Cassel, who had not started a game since high school before Brady got hurt, had looked like a highly limited caretaker a week earlier in New England’s loss to Indianapolis, unable or unwilling to throw the ball more than a few yards beyond the line of scrimmage.

Against Buffalo, he was a poised veteran, coolly zipping throws down the sideline and over the middle, even scampering up the middle for the game’s first points when a pliant defense provided the opportunity.

Meanwhile, Edwards looked every bit as lost as every previous Buffalo quarterback has appeared in Foxborough since the Patriots became the National Football League’s superpower.

The Council of Trent, an informal organization born at the dawn of the season when Mark, Brofest’s generous-to-a-fault host, produced and distributed a few dozen T-shirts bearing the 16th-century religious reference, disintegrated into chaos as the game slipped away from Buffalo.

During the year’s initial Brofest, the day of Buffalo’s comeback win in Jacksonville, support for the second-year starter was vocal and unanimous. It’s amazing what a concussion and a few losses will do to such consensus.

“Throw it, you ass,” one woman yelled as Edwards meandered to his left with New England leading 13-3.

He did, off-balance, and the pass bounced incomplete.

Edwards threw two other passes to the wrong team, compiled a dreadful 49.2 quarterback rating, and piloted an offense that accumulated only 168 total yards, compared to New England’s 370.

Buffalo’s defense was no better. Due to a freakish run of injuries, New England’s only option in the running game was BenJarvus Green-Ellis, who until Sunday was far more notable for his proliferation of names than for anything he had done on a football field.

An undrafted rookie, Green-Ellis was a member of the Patriots’ practice squad, the football equivalent of never-to-be-used stand-in, until promoted to the active roster out of sheer necessity on October 12.

Less than a month later, Buffalo’s defense spent the afternoon converting the hopeful youngster into the week’s hottest fantasy-football waiver pickup, accommodating Green-Ellis’ 26-carry, 105-yard afternoon.

The sad display left members of the dispirited Council grasping for words.

He capped his day, and his team’s demonstration of superiority, with a one-yard touchdown run that finished off a drive lasting 19 plays, covering 92 yards and consuming more than nine minutes of game time in the fourth quarter.

“They’re everything a good team isn’t. Wait a minute—they’re not anything that a bad team, or a good team…oh, never mind,” Pommy said, then turned away with a wave of his hand.
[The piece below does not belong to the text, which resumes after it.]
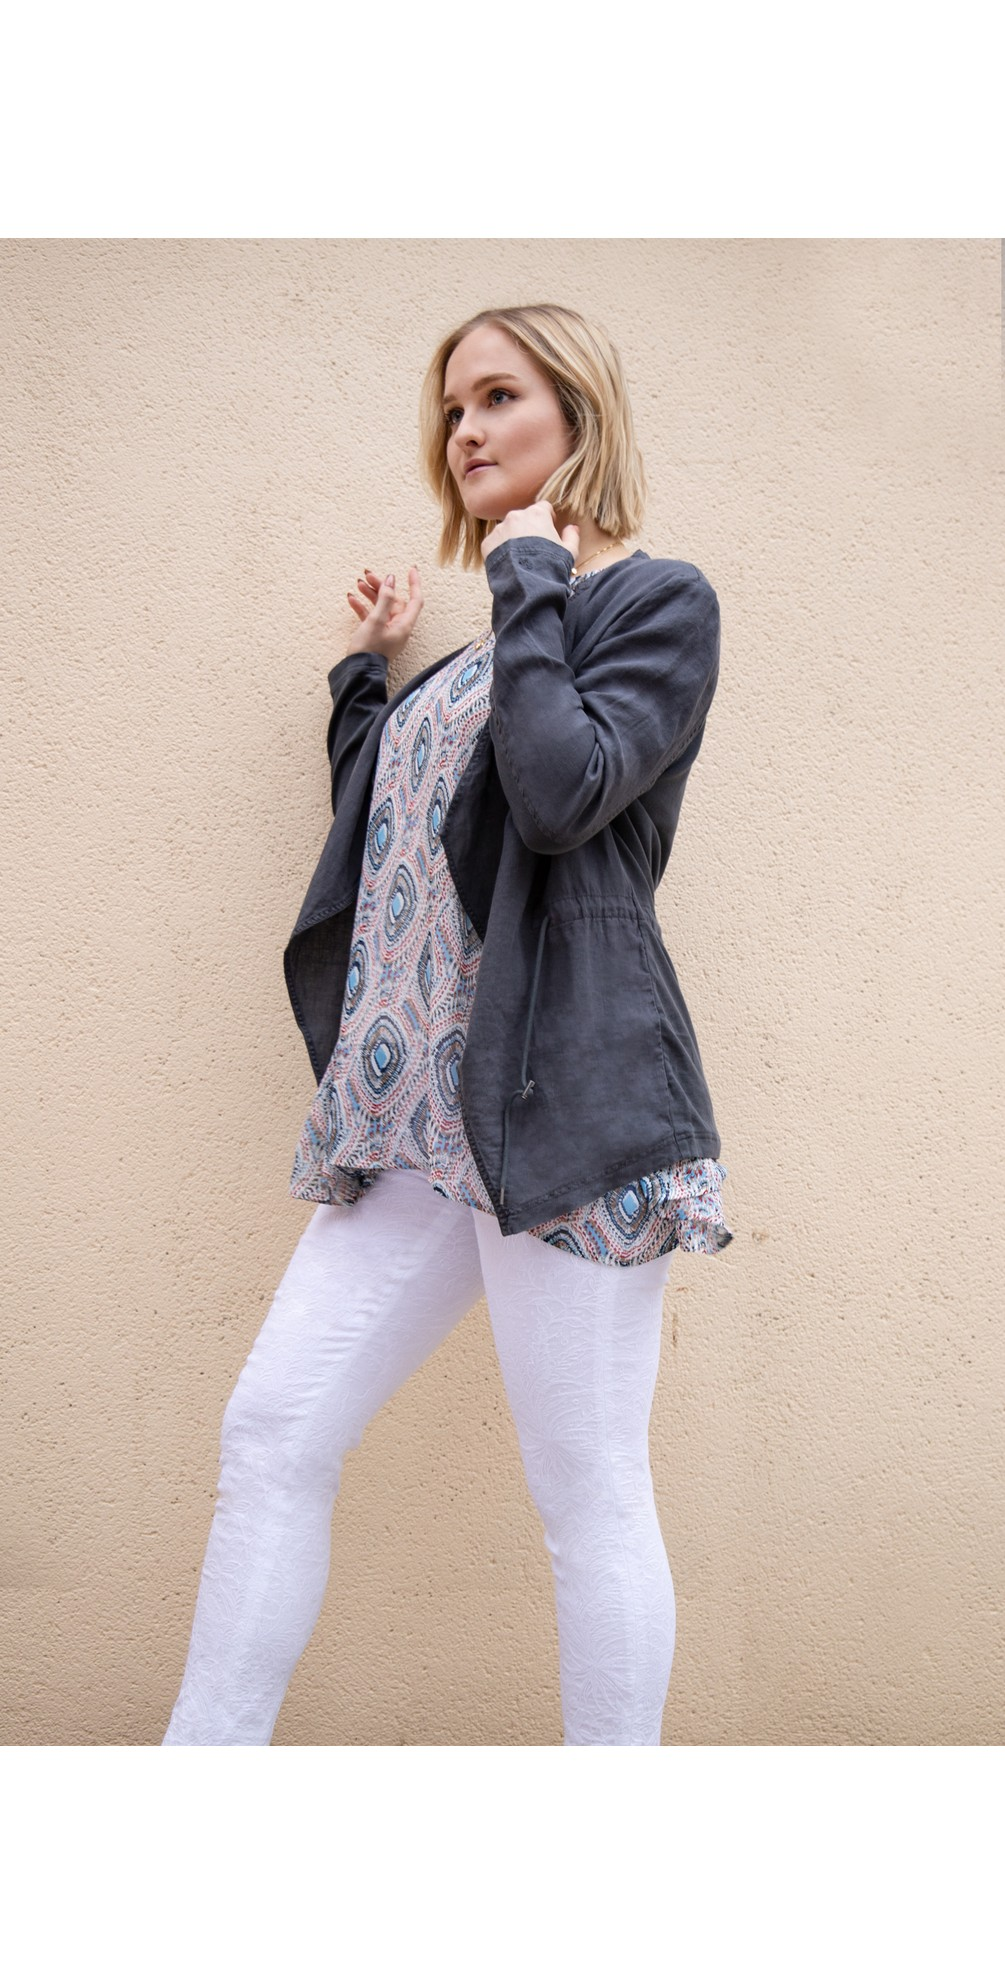 Rose 09 White Ankle Length Jacquard Slimfit Trouser main image

Buffalo’s lone touchdown came moments later, with just 1:42 remaining, after rookie Leodis McKelvin’s 85-yard kickoff return drew the afternoon’s loudest reaction from those assembled, shouts of “Go, go, go!” that dissipated into cathartic laughter at the futility of the runback, as well as the scoring pass from Edwards to James Hardy that it produced.
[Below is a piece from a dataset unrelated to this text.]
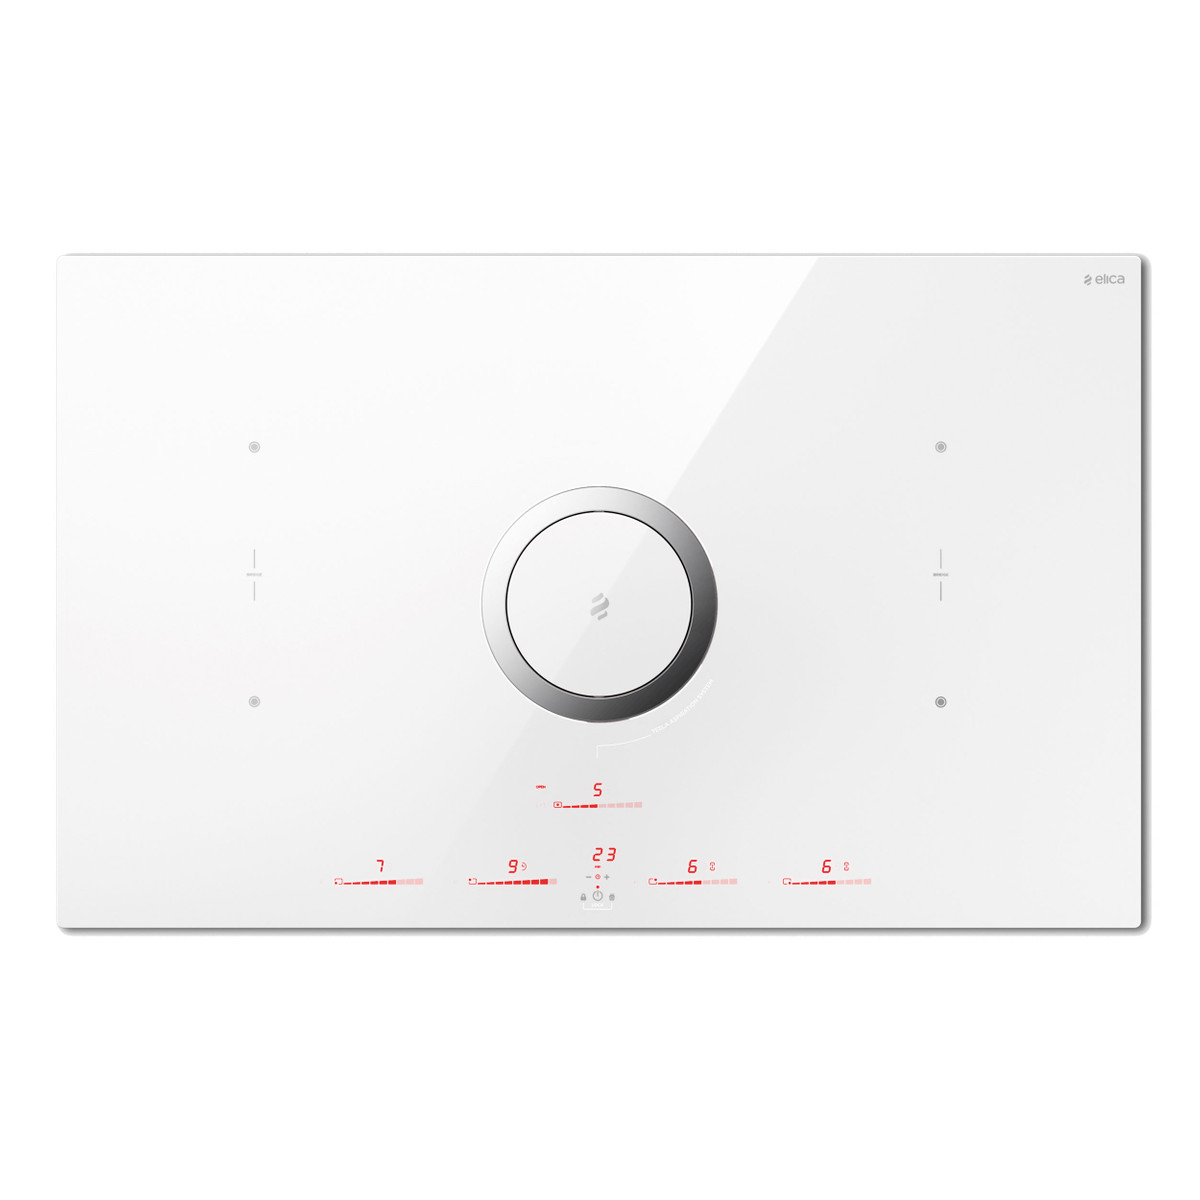 Elica NikolaTesla Switch PRF0146213 weiß, Umluftbetrieb  , Kochfeld mit integriertem Dunstabzug  – Bild 1

The Bills returned home after the 20-10 loss, having plunged from first to last in the tightly packed AFC East. Even with a seemingly cushy slate for the rest of November, a sweep of which would send them into the season’s final month at 8-4, optimism was a scarce commodity at Brofest late Sunday afternoon.v

“They won’t make the playoffs,” Tim declared unwaveringly. “That’s a pipe dream now.”